Pearson correlation coefficient is a linear correlation coefficient , It is generally used to correct the correlation between two variables of residues . For two gene sequences $X$ and $Y$ , Pearson correlation coefficient The calculation is as follows ：
$\tag{1} R_{X,Y}=\frac{\sum{(X-\overline{X})(Y-\overline{Y})}}{\sqrt{\sum{(X-\overline{X})^2(Y-\overline{Y})^2}}},$ among $\overline{X}$ Express $X$ Average value .

2.1.2 Partial correlation coefficient (PCC)

Partial correlation coefficient is the correlation coefficient of two variables without the influence of other variables . Because the relationship between the two variables is very complex , May be affected by multiple variables , So the partial correlation coefficient is greater than CC Better choice .PCC According to its corresponding CC To define . Make $R$ Express CC matrix , Its inverse matrix is $R^{-1}$ , be PCC The calculation for the ：
$\tag{2} R_{X,Y}'=\frac{R_{X,Y}^{-1}}{\sqrt{R_{X,X}^{-1}R_{Y,Y}^{-1}}}$

2.1.3 Conditional mutual information (CMI)

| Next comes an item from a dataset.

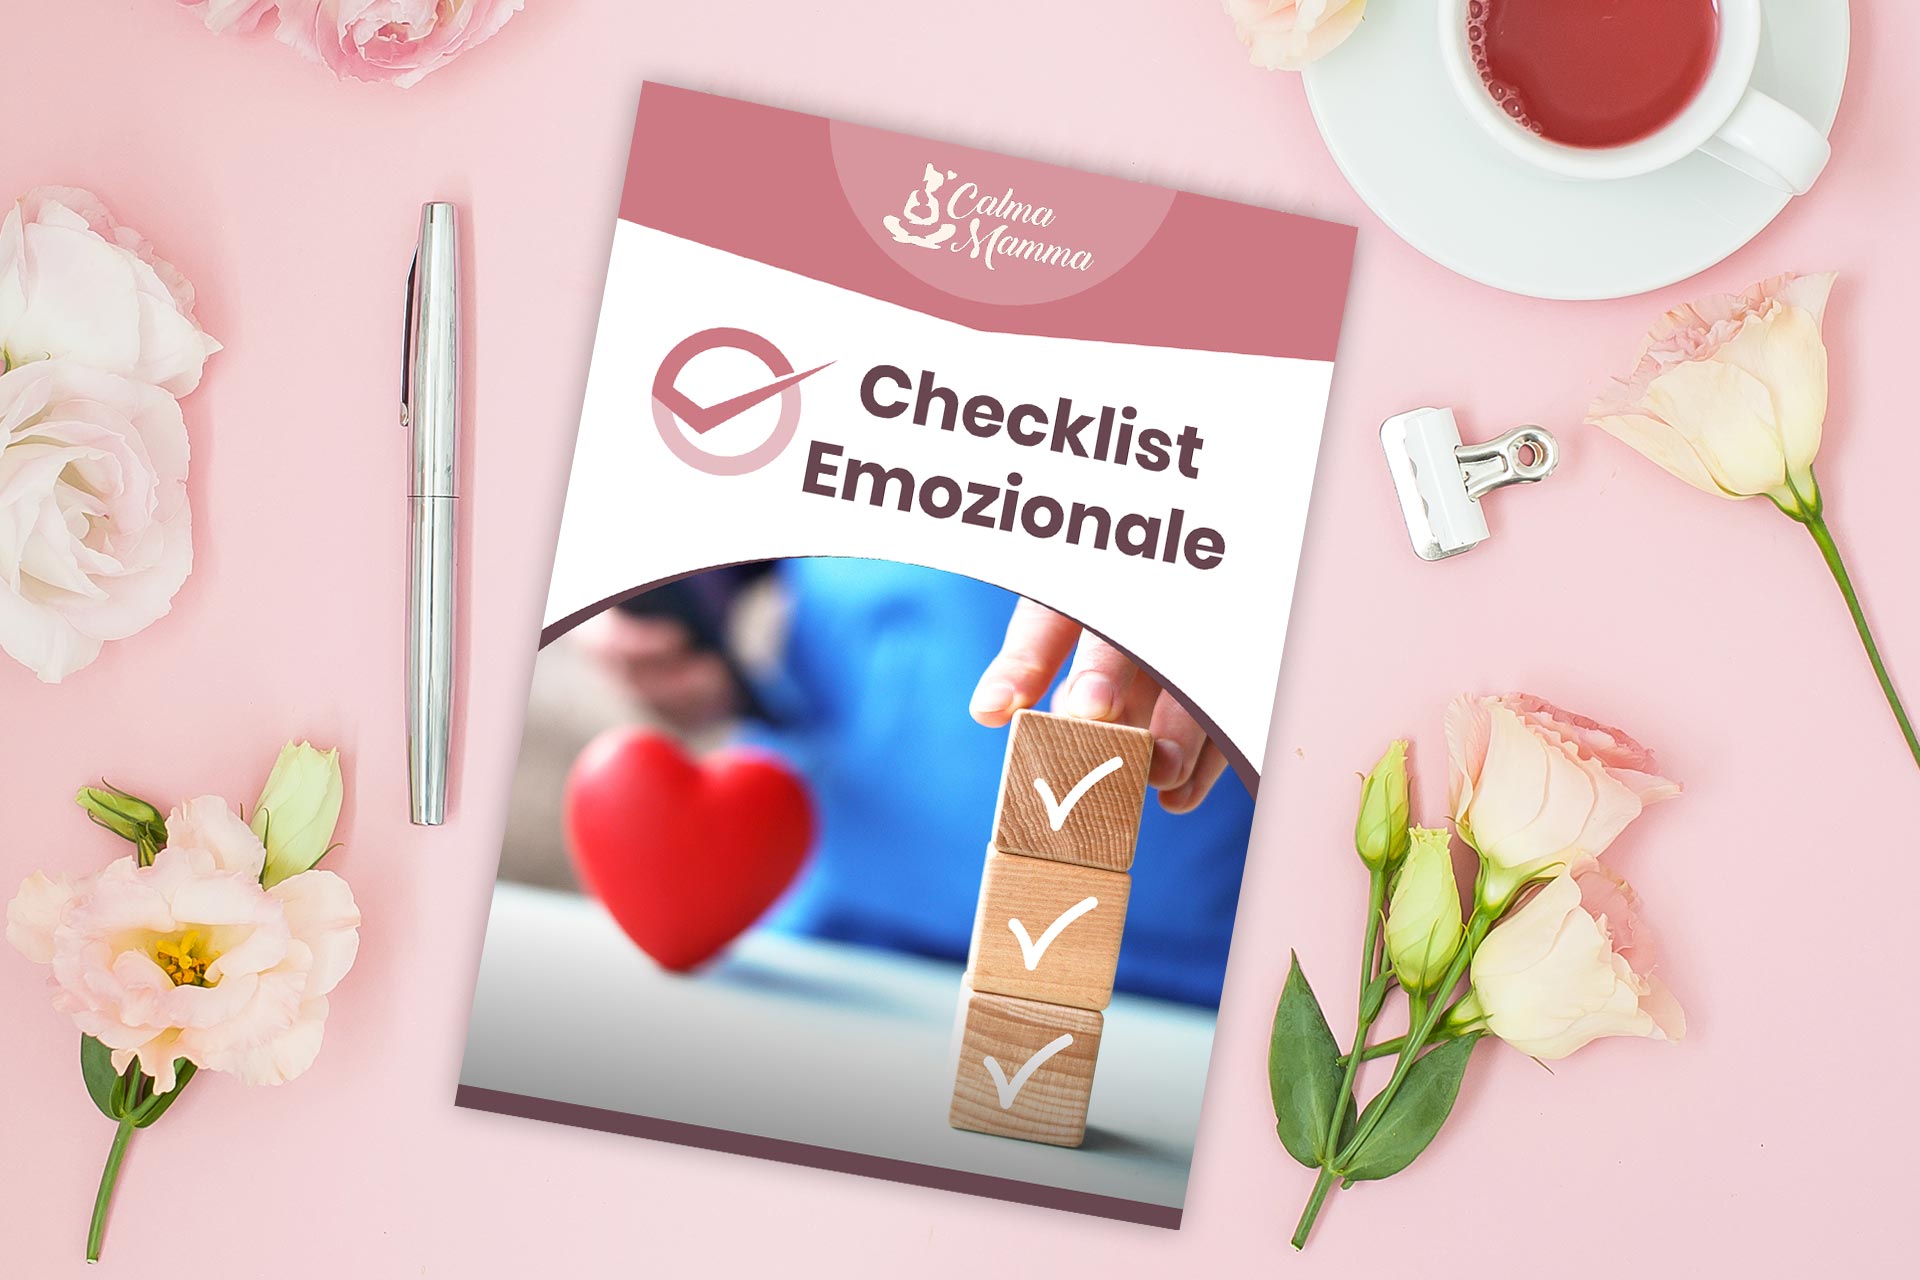 Checklist Emozionale
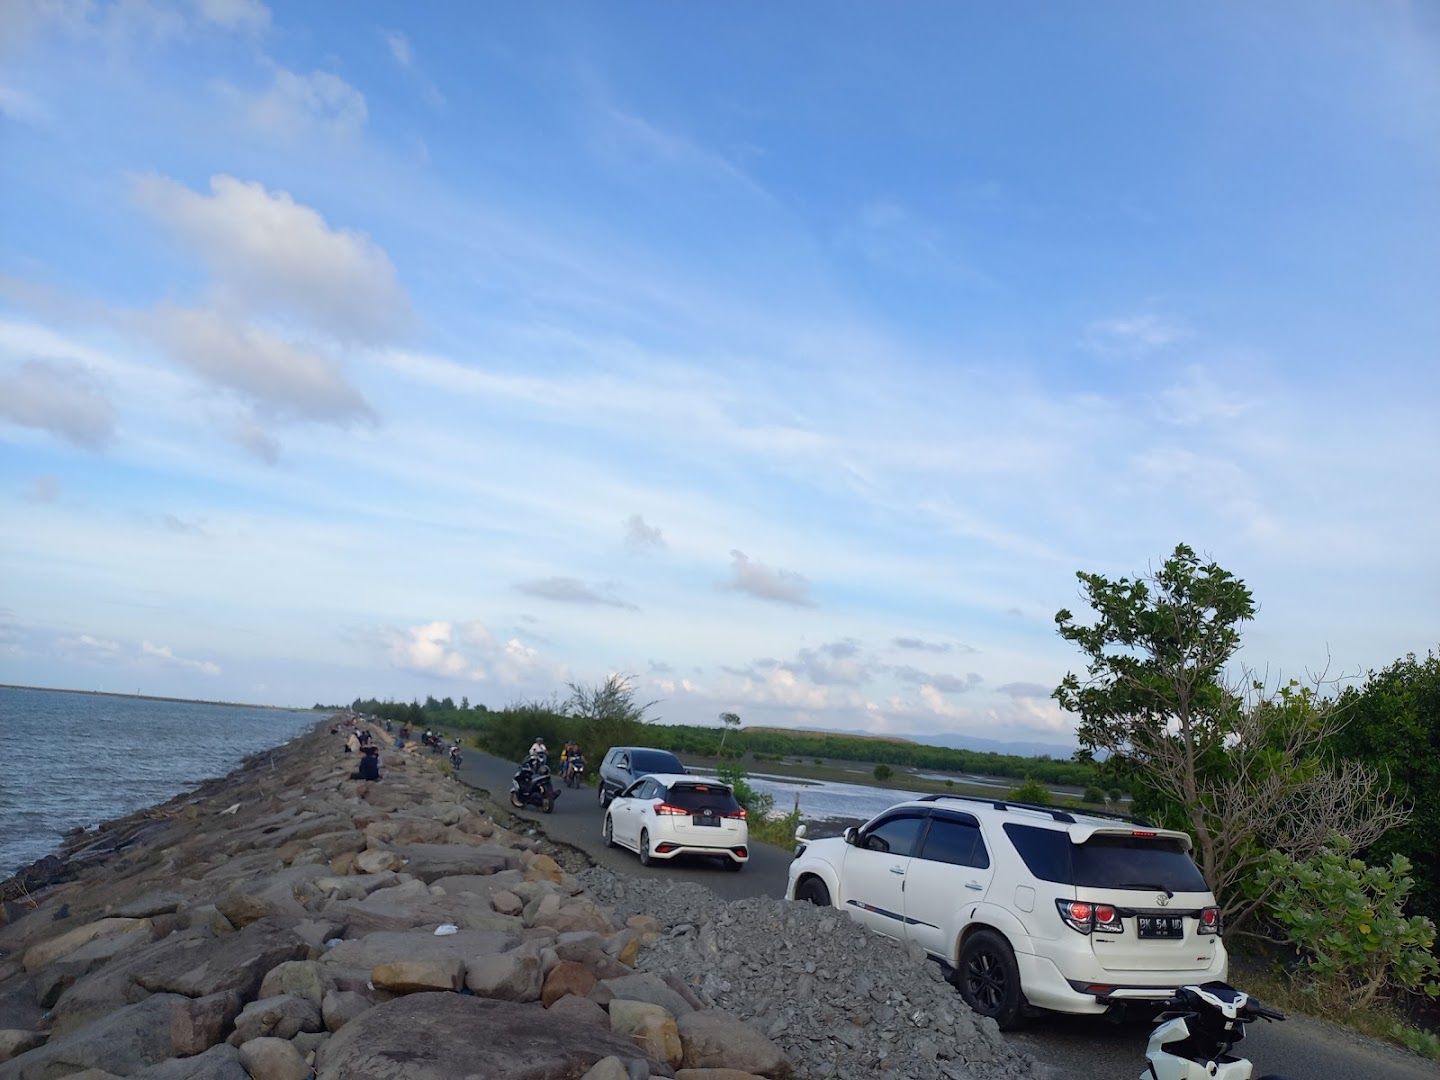 Pantai Mangrove Ulee Lheue Photo

Mutual information (MI) It can measure the non-linear correlation between modified residues and unmodified residues ：
$\tag{3} I(X,Y)=\sum_{x\in X}\sum_{y\in Y}p(x,y)\log\frac{p(x,y)}{p(x)p(y)},$ among $p (x)$ yes $x$ Probability 、 $p (x, y)$ It's the joint probability , They can be obtained by Gaussian kernel probability density estimation ：
$\tag{4} p\left(x_{i}\right)=\frac{1}{N} \sum_{j=1}^{N} \frac{1}{(2 \pi)^{n / 2} \sigma_{x}^{n / 2}} \exp \left(-\frac{1}{2}\left(X_{j}-X_{i}\right)^{T} C^{-1}\left(X_{j}-X_{i}\right)\right),$ among $C$ Express $X$ The covariance matrix of 、 $\sigma_x$ Express $C$ Standard deviation , as well as $n$ and $N$ It represents the number of genes and the number of gene expression points respectively . therefore ,MI It can be calculated as ：
$\tag{5} I(X, Y)=\frac{1}{2} \log \left(\frac{\sigma_{X}^{2} \sigma_{Y}^{2}}{|C(X, Y)|}\right),$ among $∣ C (X, Y) ∣$ It's a determinant .
However ,MI There are high estimate problems . therefore , Conditional mutual information (CMI) Proposed ：
$\tag{6} CMI(X, Y |Z) = \sum_{x \in X, y \in Y, z \in Z} p(x, y, z) \log \frac{p(x, y \mid z)}{p(x \mid z) p(y \mid z)}.$ If two genes $X$ $Y$ It's irrelevant , $C M I (X, Y ∣ Z) = 0$ .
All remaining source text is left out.